A second man, who was a minor at the time of the April 2010 murder, was found guilty of housebreaking in Ventersdorp, a farming community about 125km west of Johannesburg where Terre’blanche owned a farm.
The case has served as a reminder of the bitter historical divisions in a country now dubbed the “Rainbow Nation” and ruled by the African National Congress, the party that helped end apartheid in 1994.
Many see Terre’blanche as a relic from a bygone era, with his murder doing little to stir fresh racial tension.
“After all the evidence given, I conclude that accused number one is guilty as charged,” said Judge John Horn.

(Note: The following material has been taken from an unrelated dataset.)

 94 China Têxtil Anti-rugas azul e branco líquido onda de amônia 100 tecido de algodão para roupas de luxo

Prosecutors said Mahlangu and his co-accused broke into Terre’blanche’s home, where they found the 71-year-old asleep and bludgeoned him to death with an axe.

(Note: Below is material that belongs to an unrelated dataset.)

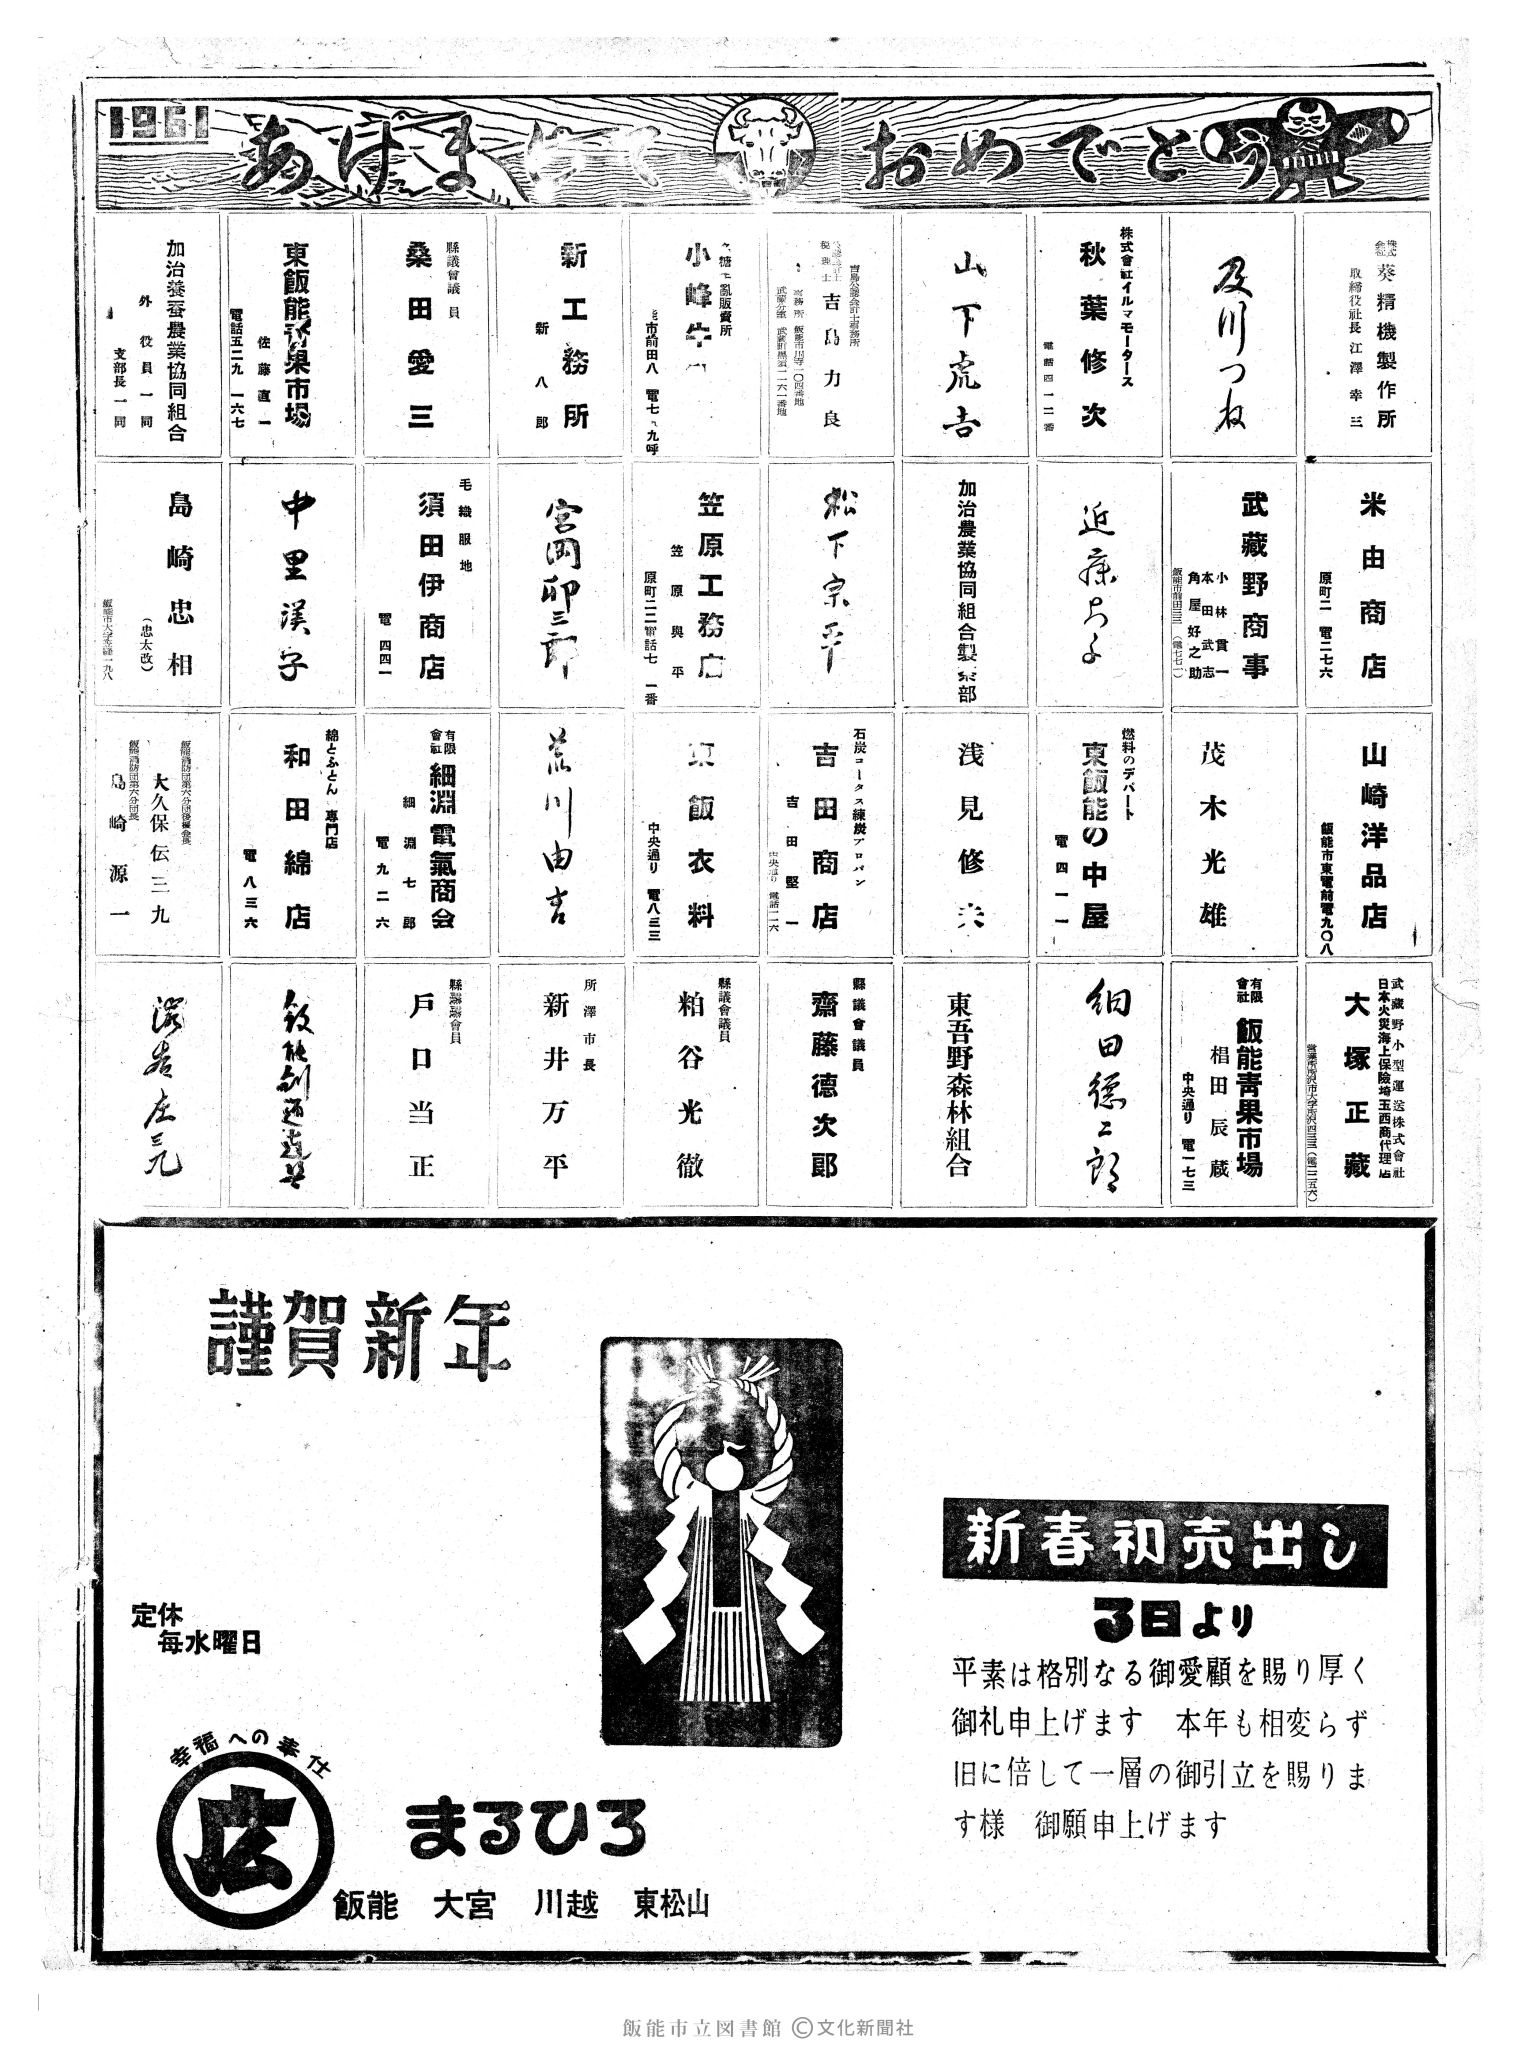 昭和36年1月1日8面 (第3730号) 広告ページ

Terre’blanche, a burly man known for his thick white beard and fiery rhetoric, led the hardline supremacist Afrikaner Resistance Movement.
Its members adopted military uniforms and flags with a symbol reminiscent of the Nazi swastika, and called for an all-white homeland in post-apartheid South Africa.
A small group of his armed supporters attempted a coup in the black-run “homeland” of Bophuthatswana shortly before the first all-race elections in April 1994 but retreated after meeting resistance from security forces.
Graphic images of three AWB men being shot dead at point blank range in the middle of a road by a Bophuthatswana policeman marked the end of any AWB pretensions to be a serious military force. — Reuters.